Tauopathies, such as Progressive Supranuclear Palsy and Corticobasal Degeneration, are rare diseases with prominent Parkinsonian features, including motor symptoms such as postural instability, vertical gaze palsy, rigidity, slowed movement (bradykinesia), muscle contractions (dystonia), and sudden jerks (myoclonus). Furthermore, individuals may face difficulties with speech and swallowing, cognitive decline, and loss of sensory perception at the cortical level. These neurodegenerative diseases are often rapidly progressing and pathologically characterized by phosphorylated tau inclusions in neurons and glia.

A significant problem for the development of disease-modifying therapeutics for tauopathies is the lack of animal models that recapitulate the human disease. To address this issue, Biospective has developed and characterized an adeno-associated virus (AAV) vector-induced mouse model that is well-suited for preclinical therapeutic efficacy studies for Progressive Supranuclear Palsy and Corticobasal Degeneration.

This Interactive Presentation illustrates some of the key motor function, neuroimaging, and pathologic features of Biospective's AAV human tau model of tauopathies with Parkinsonian features.

This model was generated by injecting 2 month-old C57BL/6 mice with AAV-hTau (wild-type 2N4R human tau) or AAV-null (control) vectors unilaterally into the left substantia nigra pars compacta (SNc) using a digital stereotaxic device with an automated microinjector.

Coronal Atlas with AAV Injection Site

Coronal Atlas View of SNc Injection Site

Multiplex immunofluorescence (mIF) images were generated by immunostaining for phosphorylated Tau (AT8), GFAP, Iba-1, Tyrosine Hydroxylase, Dopaminergic Nuclei, and counterstained with the DAPI nuclear stain. Tissue sections were digitized using a high-throughput slide scanner and were processed using Biospective's PERMITSTM software platform.

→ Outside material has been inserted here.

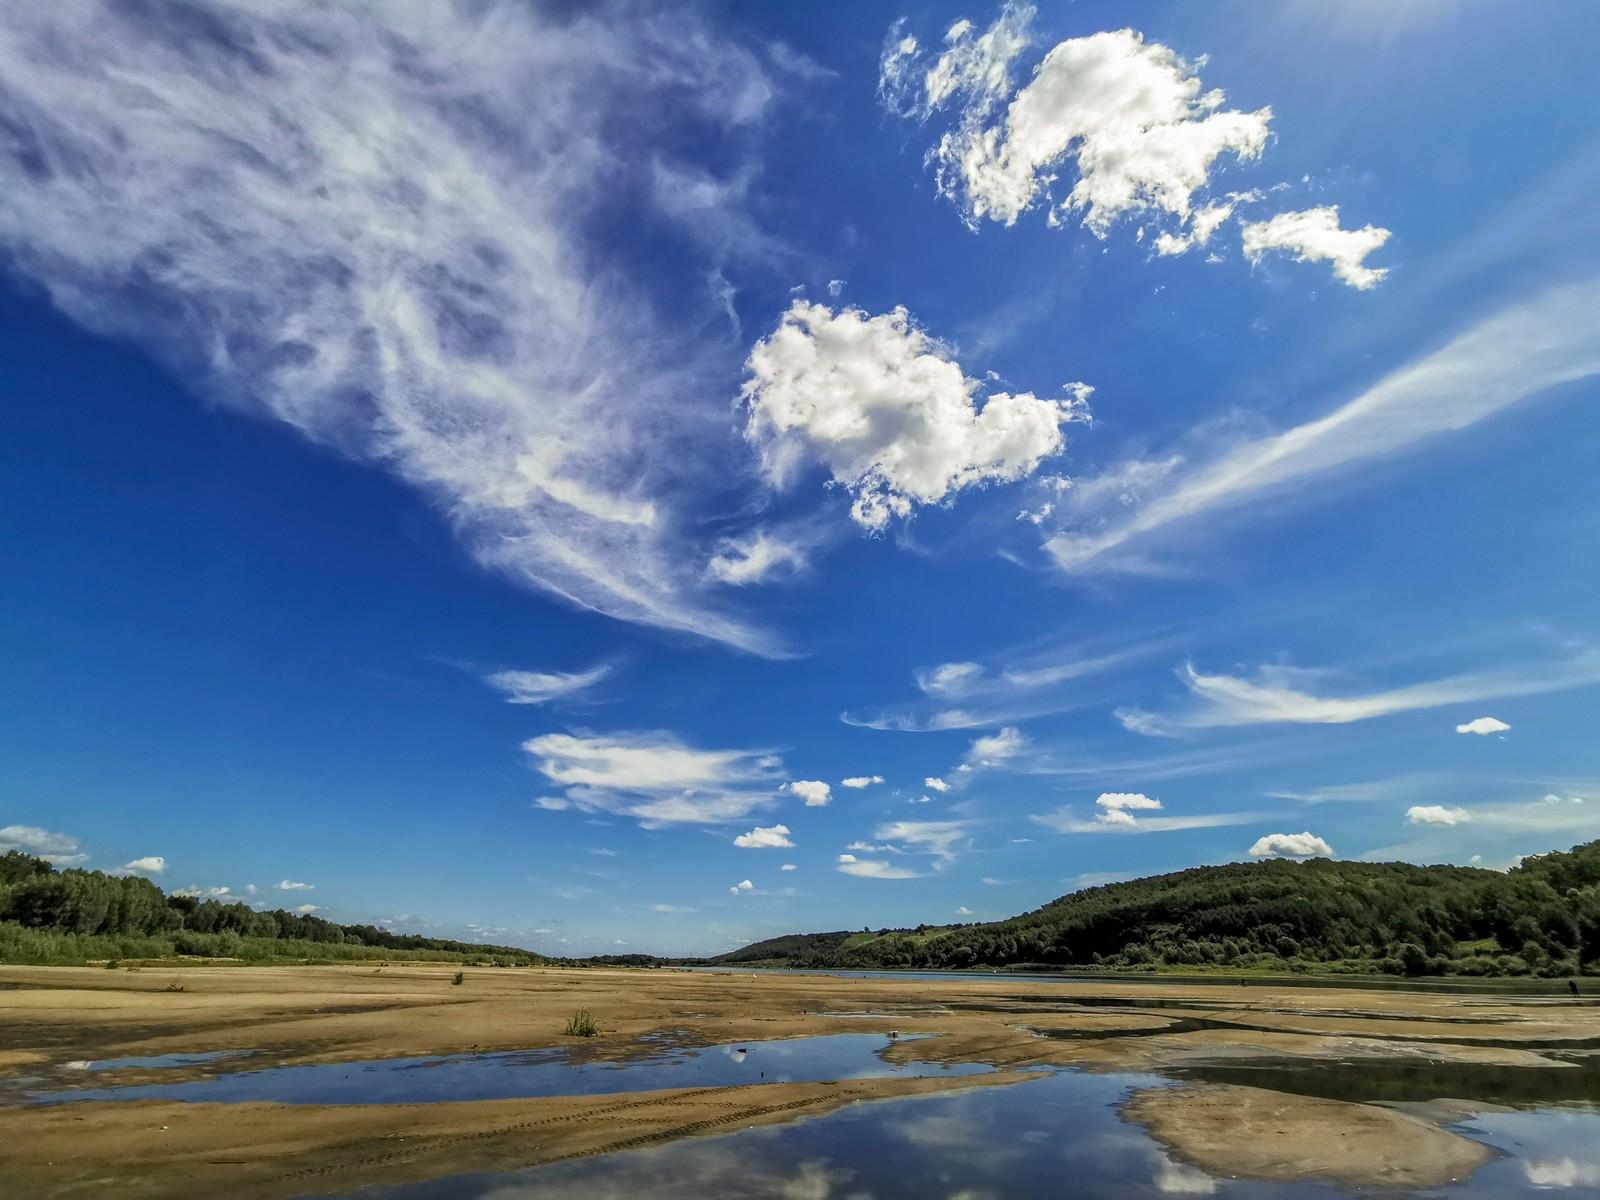 Обои Облака, необыкновенно, Пейзаж, яркие тона. Природа foto 11

To navigate though this Image Story, you can use the arrows and/or the Table of Contents icon in the upper right corner of this panel.

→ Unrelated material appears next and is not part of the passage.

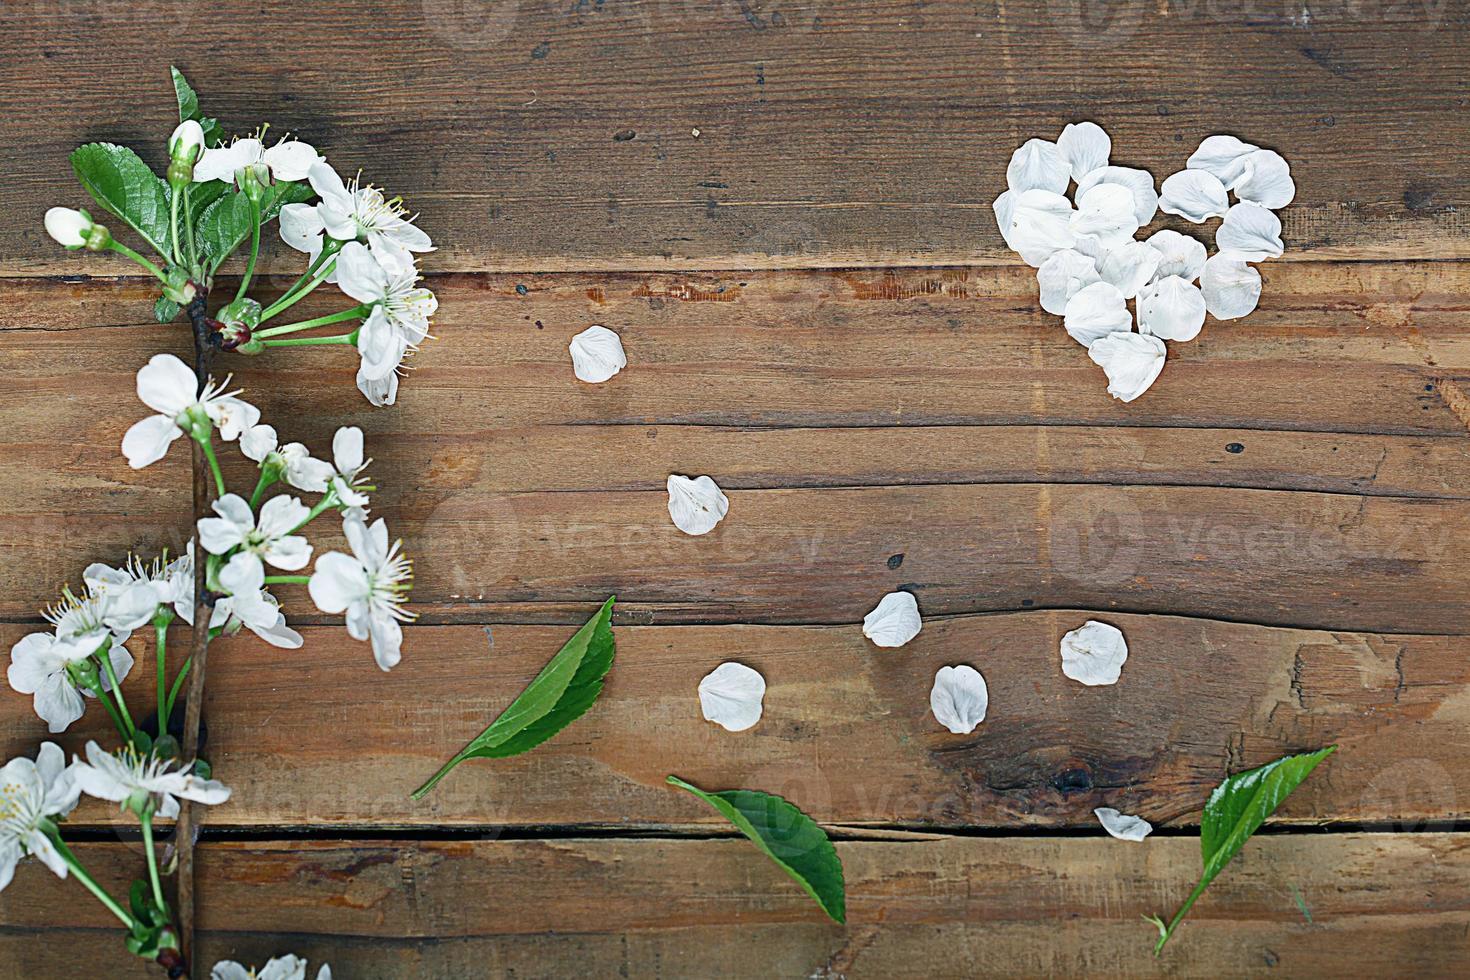 flores de cerezo y ramitas sobre un fondo de madera foto

Navigation Panel with Tooltips

You can also interact with the microscopy image in the viewer on the right at any time to further explore this high-resolution data.

Phosphorylated Human Tau Pathology

This microscopy image shows AT8 immunostaining for pTau. The ipsilateral (left hemisphere) midbrain shows extensive staining in the vicinity of the SNc and slightly beyond. For anatomical reference, an illustration with atlas labels for this brain level is provided below.

Coronal Brain Atlas at the Level of the Substantia Nigra

Coronal Mouse Brain Section (Bregma -3.2) with Neuroanatomy Labels

Tau Pathology in Neuronal Cell Bodies & Processes

This high magnification image shows extensive pTau staining in both the soma and processes of neurons in the SNc.

Neurodegeneration in the Substantia Nigra

As can be seen in this microscopy image, there is substantial loss of TH-positive dopaminergic neurons in the ipsilateral SNc compared to the contralateral hemisphere. For reference, an illustration with atlas labels for this brain level is provided below.

Coronal Mouse Brain Section (Bregma -3.2) with Neuroanatomy Labels

Using our PERMITSTM quantitative analysis software, we have quantified the TH staining in the SNc. The plot below shows a highly significant reduction in the ipsilateral hemisphere of the AAV-Tau compared to the AAV-null (control) mice.

Tyrosine Hydroxylase Staining in the Substantia Nigra

TH stain density for AAV-Tau compared to AAV-null (control) injections; mean ± SEM, t-test, **** p<0.0001.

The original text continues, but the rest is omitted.